Supplied material Start Marker

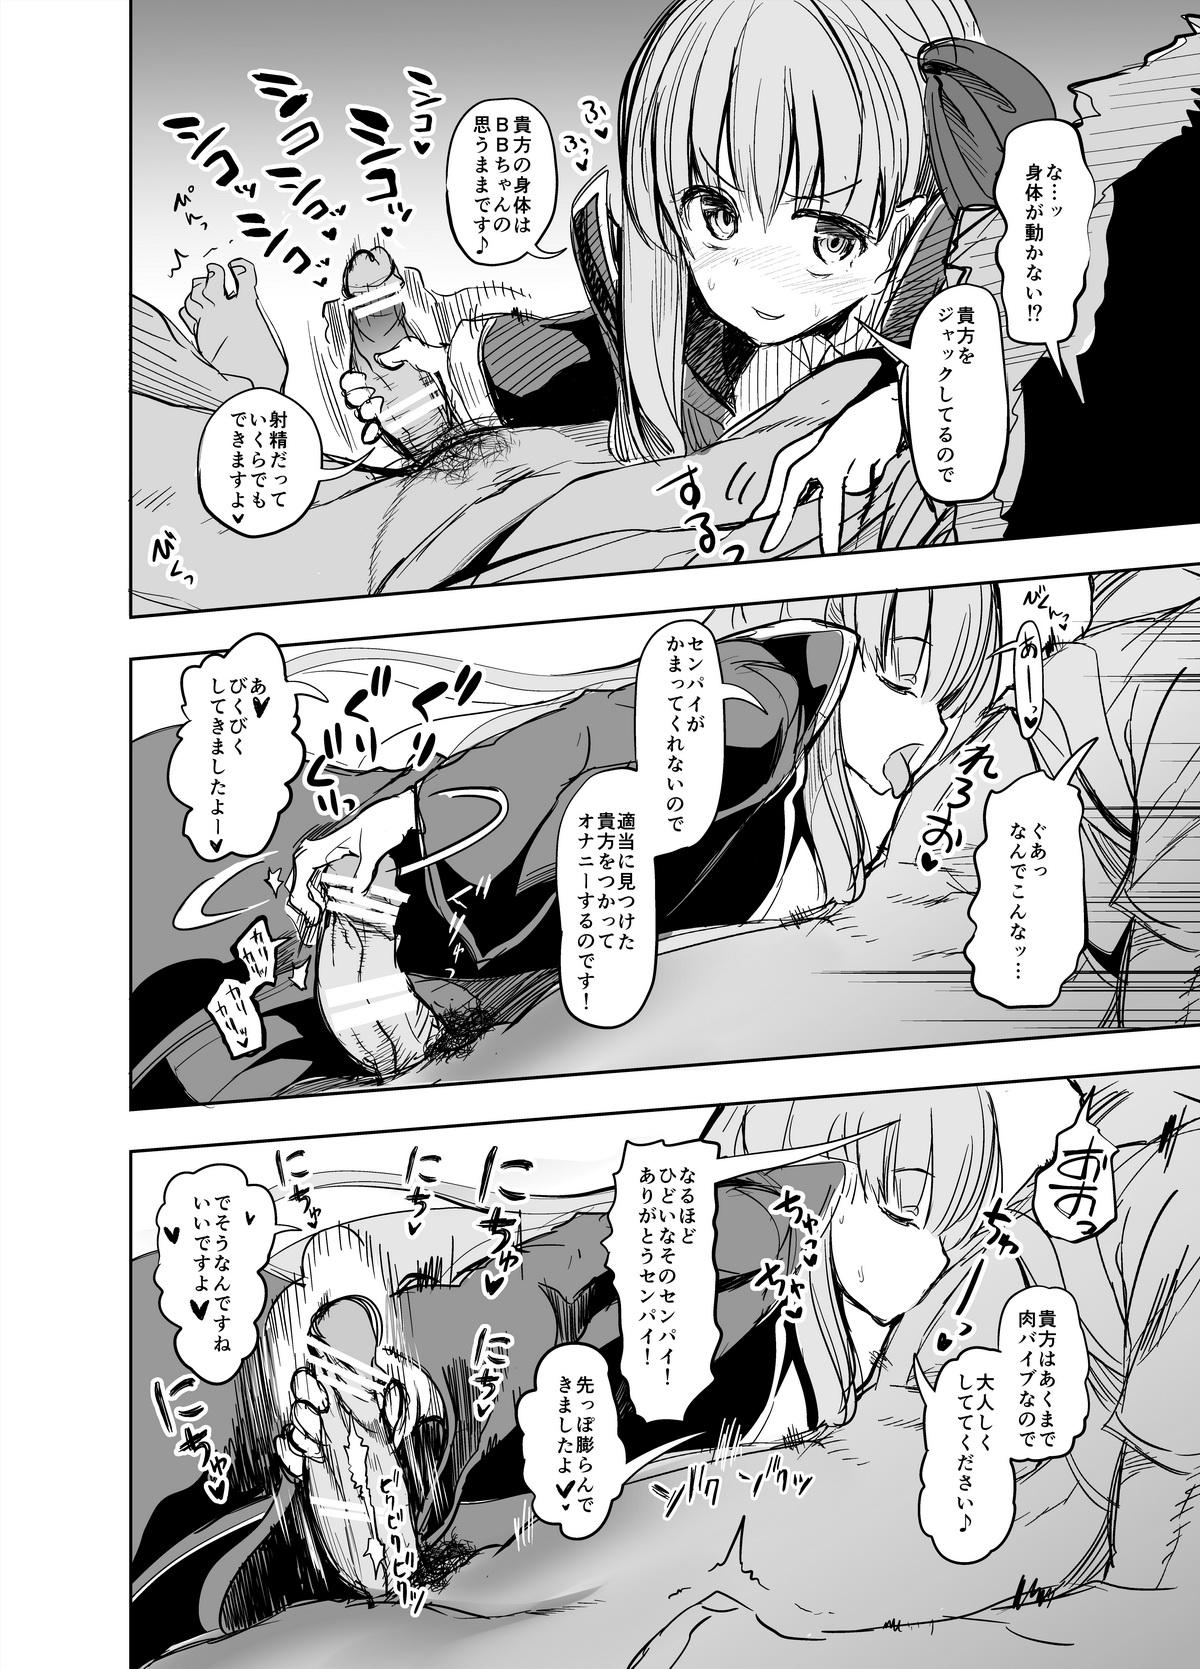 Ass Licking Kyou kara Anata ga Nama Vibe desu yo - Fate grand order Fate extra Sucking Dick - Page 5
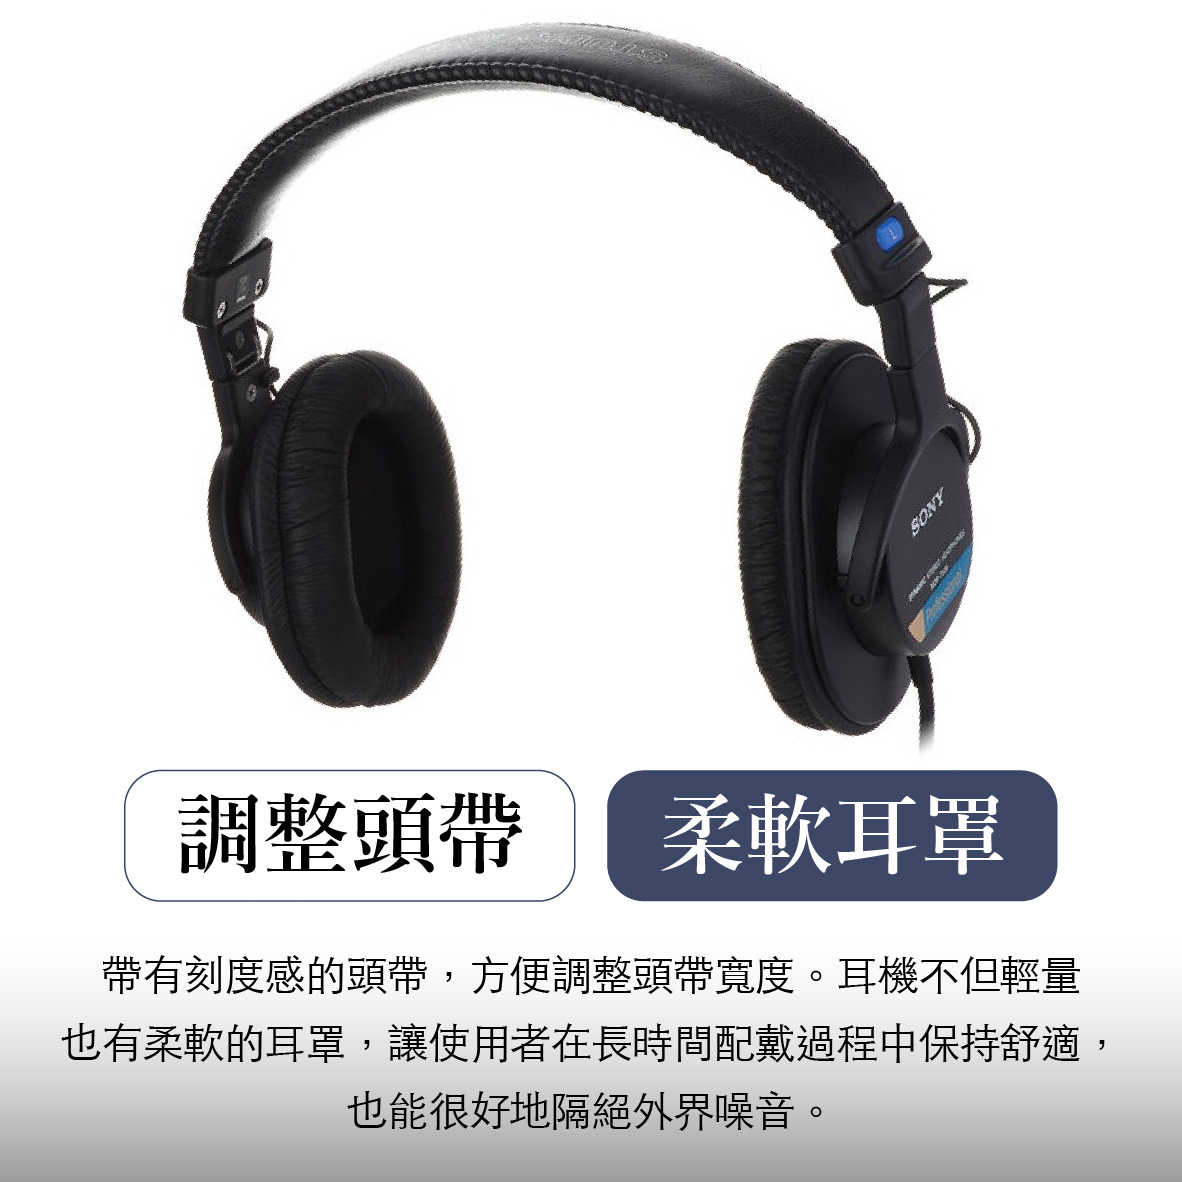 Sony 索尼 MDR-7506 專業 監聽耳機  | My Ear 耳機專門店
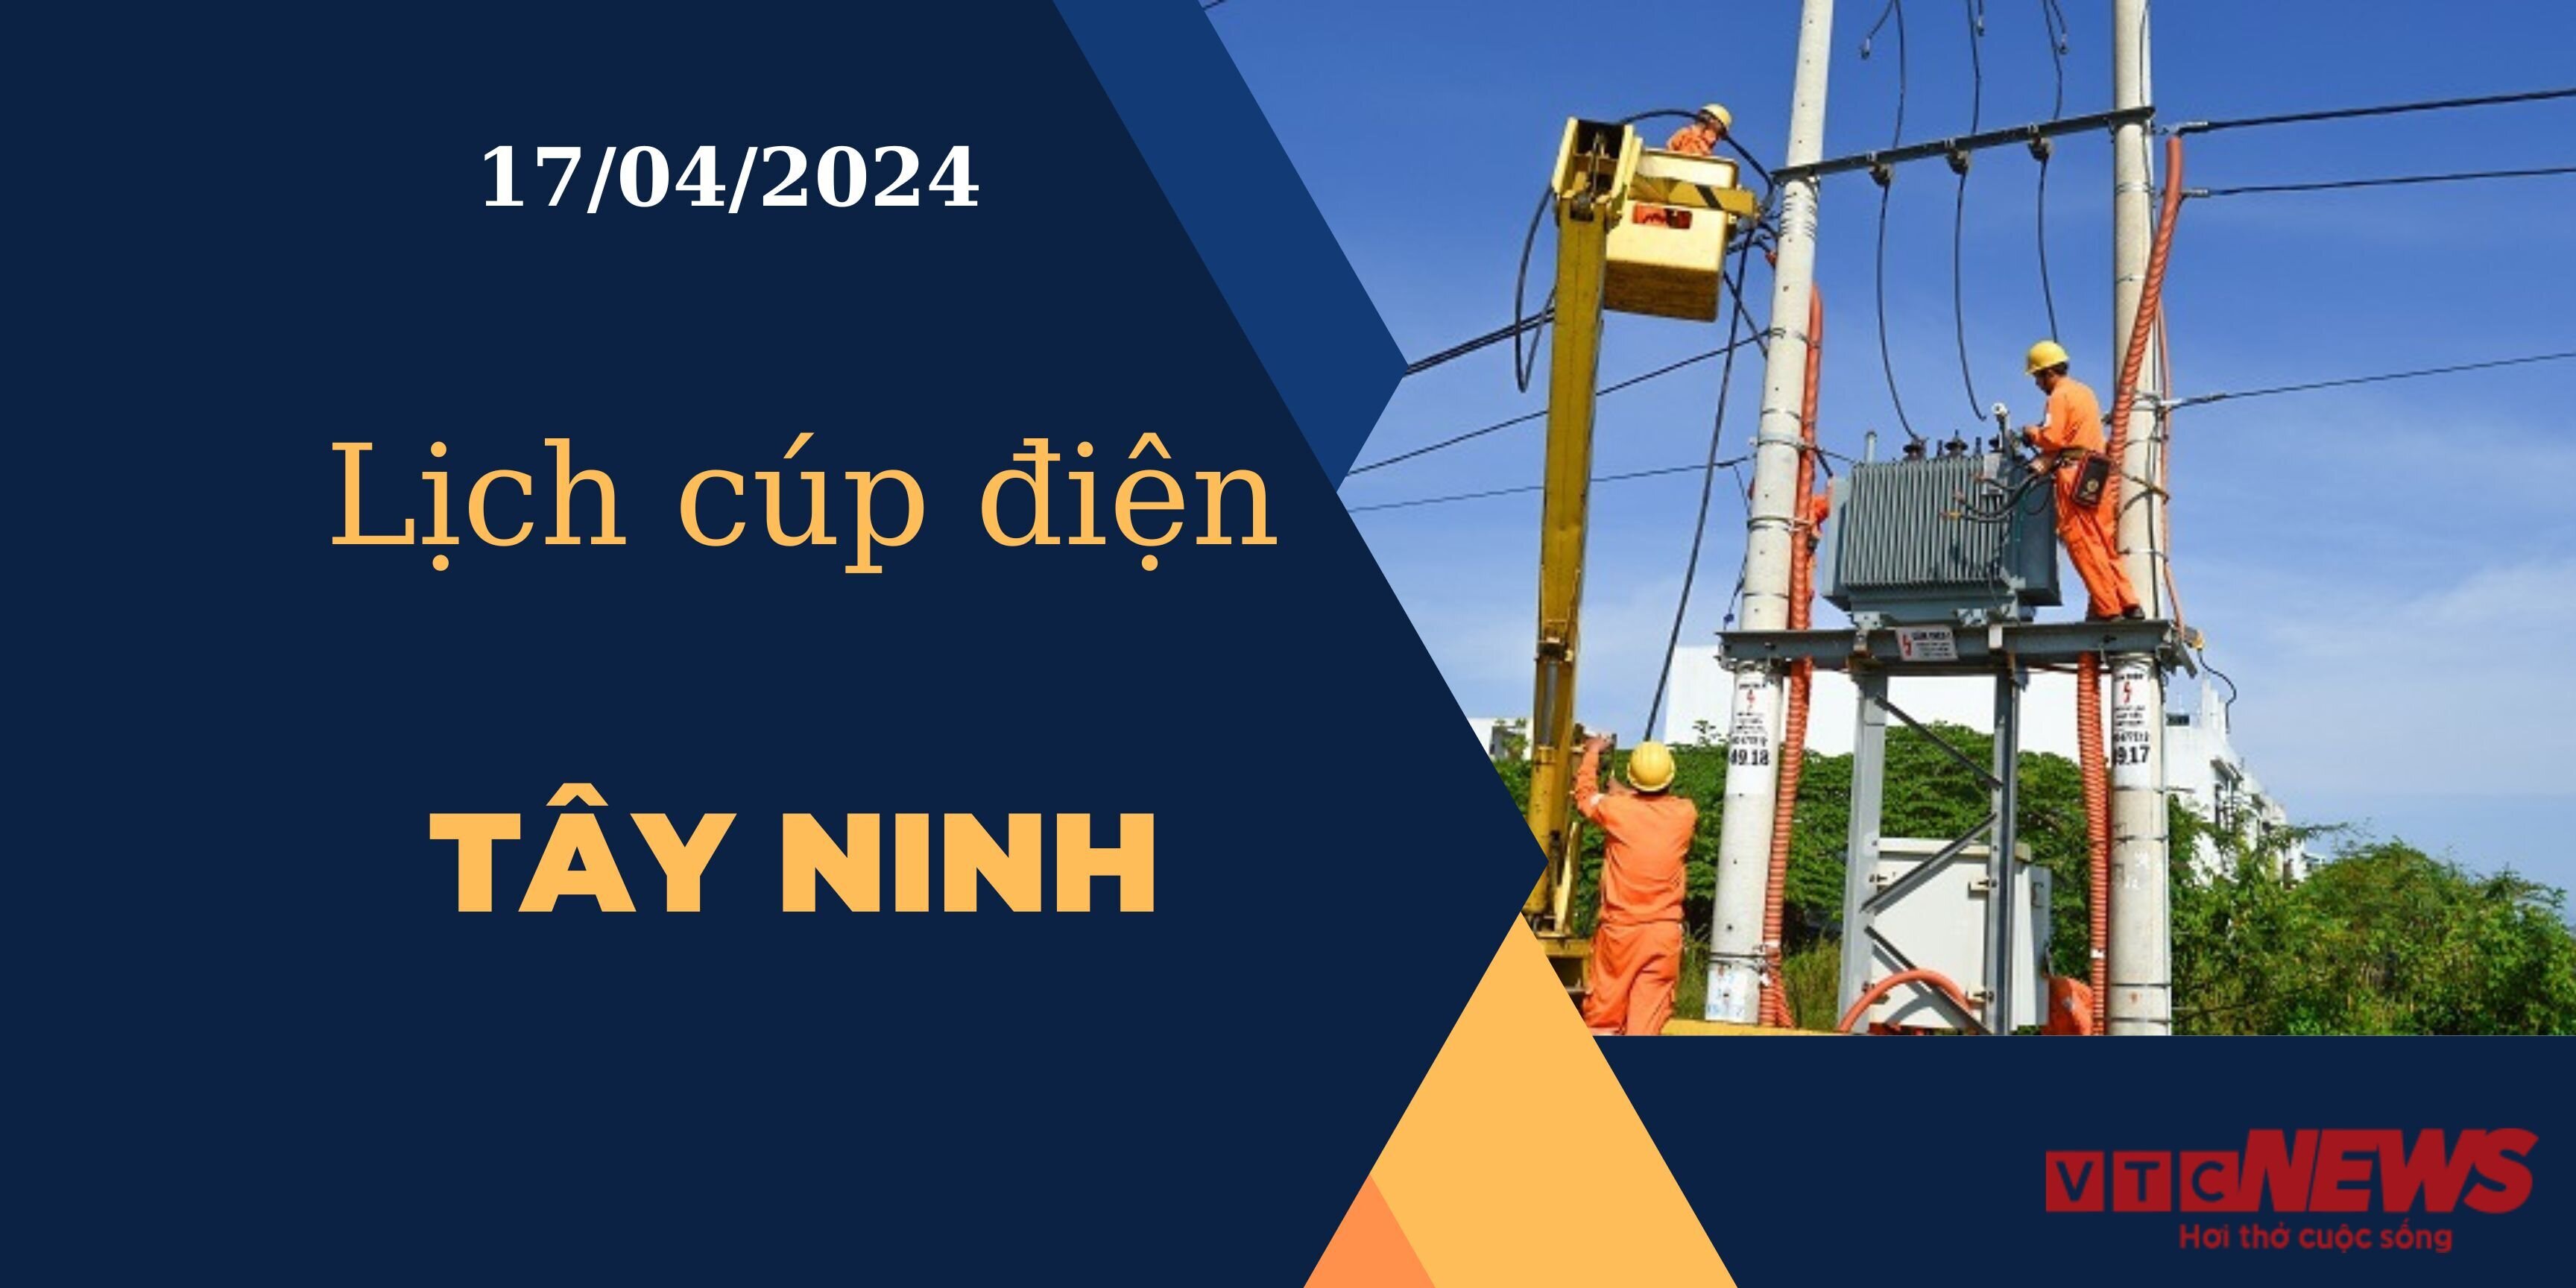 Lịch cúp điện hôm nay ngày 17/04/2024 tại Tây Ninh
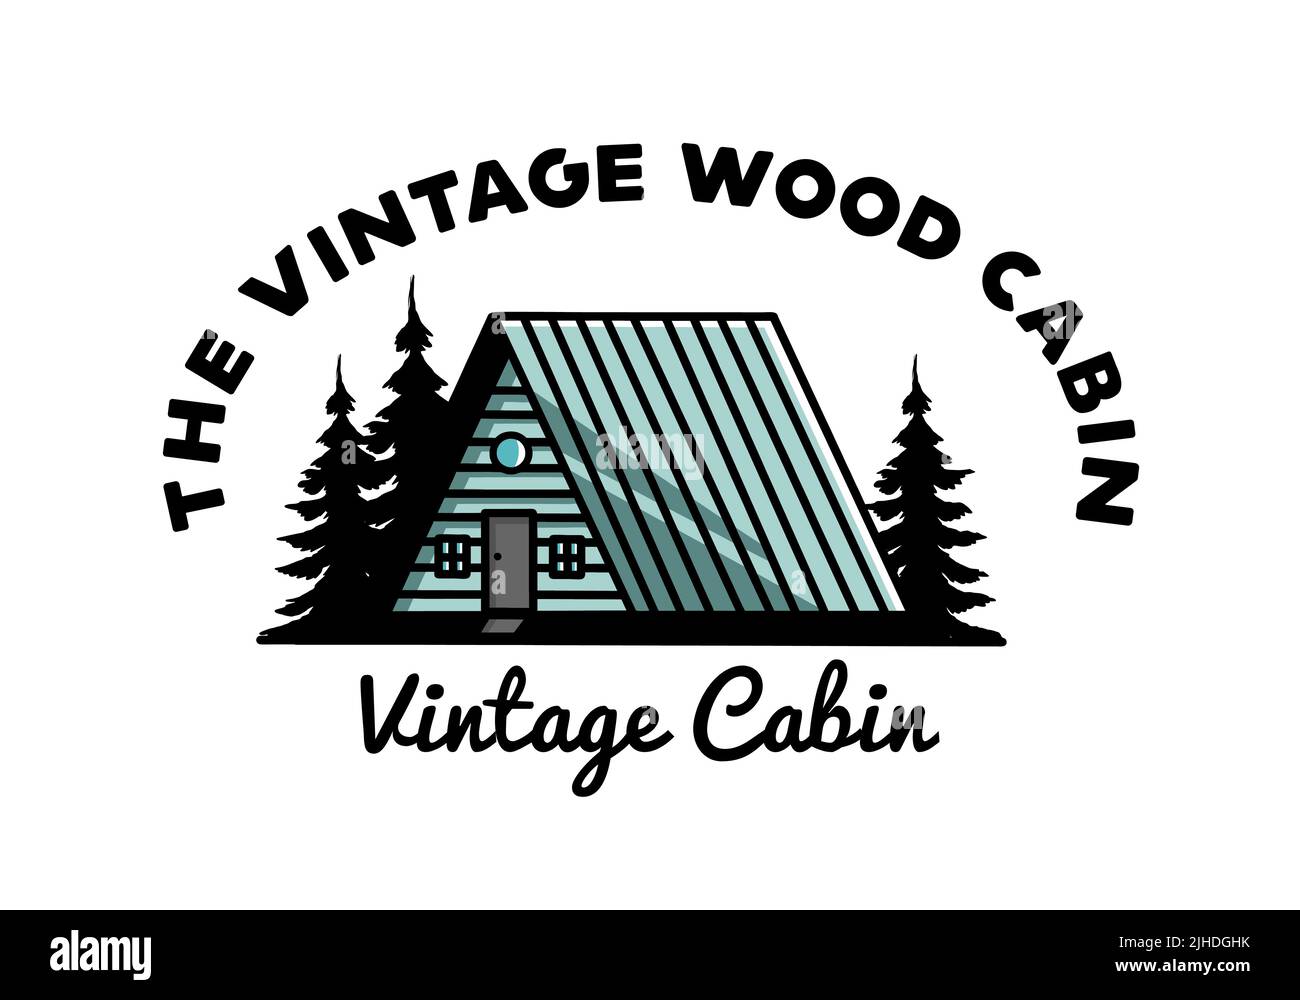 Illustration design of a vintage wood cabin Stock Vector Image & Art ...

Supplied material End Marker

- Exercise objective
Leaving the pictures aside, write out only the lines from the one containing "Sony 索尼 MDR-7506" through the end of the material, exactly as they stand.

- The completed task
 Sony 索尼 MDR-7506 專業 監聽耳機  | My Ear 耳機專門店
 Lịch cúp điện hôm nay ngày 17/04/2024 tại Tây Ninh
 Illustration design of a vintage wood cabin Stock Vector Image & Art ...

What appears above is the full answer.